When an open fuse blows (melts), the heat generated by the arc, formed at the breaking circuit, is so sudden that there is frequently an explosive effect that throws the melted metal in all directions, and in case it comes into contact with combustible material a fire may result. To do away with this danger, fire insurance companies in their specifications of electric fixtures state what forms of fuses will be acceptable in the buildings to be insured. These specifications are known as the Underwriters Rules and may be obtained from any fire insurance company. The fuses, or fuse plug, as they are commonly called, generally occupy a place in a cabinet or distributing panel, near the point where the lead wires enter the building. The cabinet contains the porcelain cutouts for sending the current through the different circuits; the fuse plugs form a part of the cutouts, one fuse to each wire. The cabinet contains besides the cutouts a double-poled switch to be used for shutting off the current from the building when desired.

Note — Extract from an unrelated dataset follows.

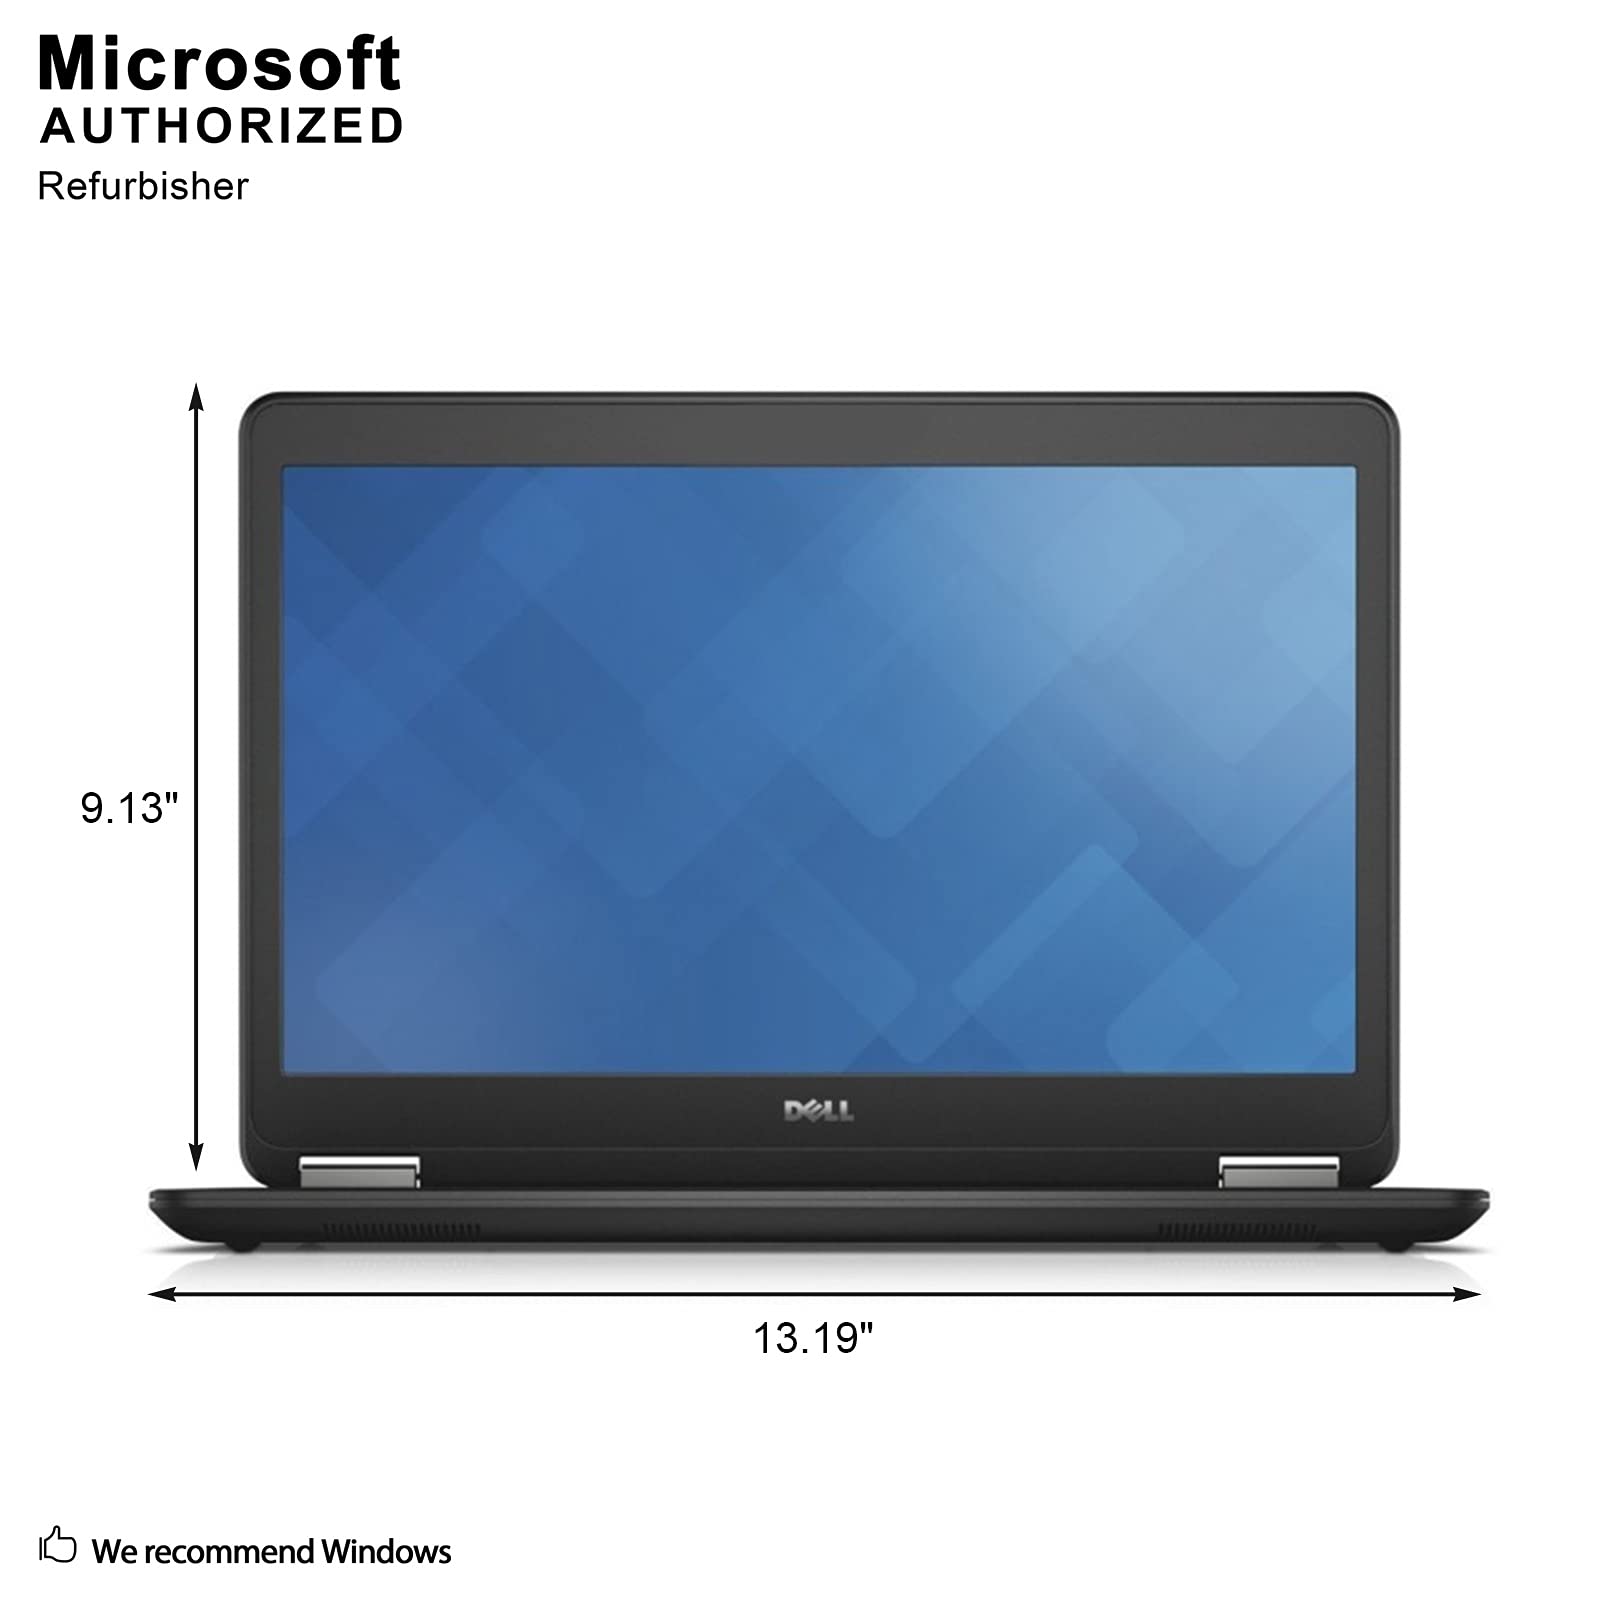 Mua Dell Latitude 14 7000 Series E7470 Ultrabook,  HD Anti-Glare  LCD, Intel Core i7-6600U, 8 GB DDR4, 256 GB SSD, Windows 10 Pro (Renewed)  trên Amazon Mỹ chính hãng 2023 | Fado

Fig. 230.—Electric cabinets.

Cabinets for this purpose are made in standard form of wood or steel to suit the condition of service. These cabinets may be obtained from any dealers in electrical supplies or the cabinet may be made a part of the house since they are only small shallow closets. Fig. 230 represents such a cabinet as is used in the average dwelling. It is made of a light wooden frame set between the studding of a partition at any convenient place. The bottom of the cabinet is made sloping to prevent its being used as a place of storage for articles that might lead to trouble. The cabinet is sometimes lined with asbestos paper as a prevention from fire but this is not necessary as the fuse plugs and their receptacles, when of approved design, are sufficient to prevent accident.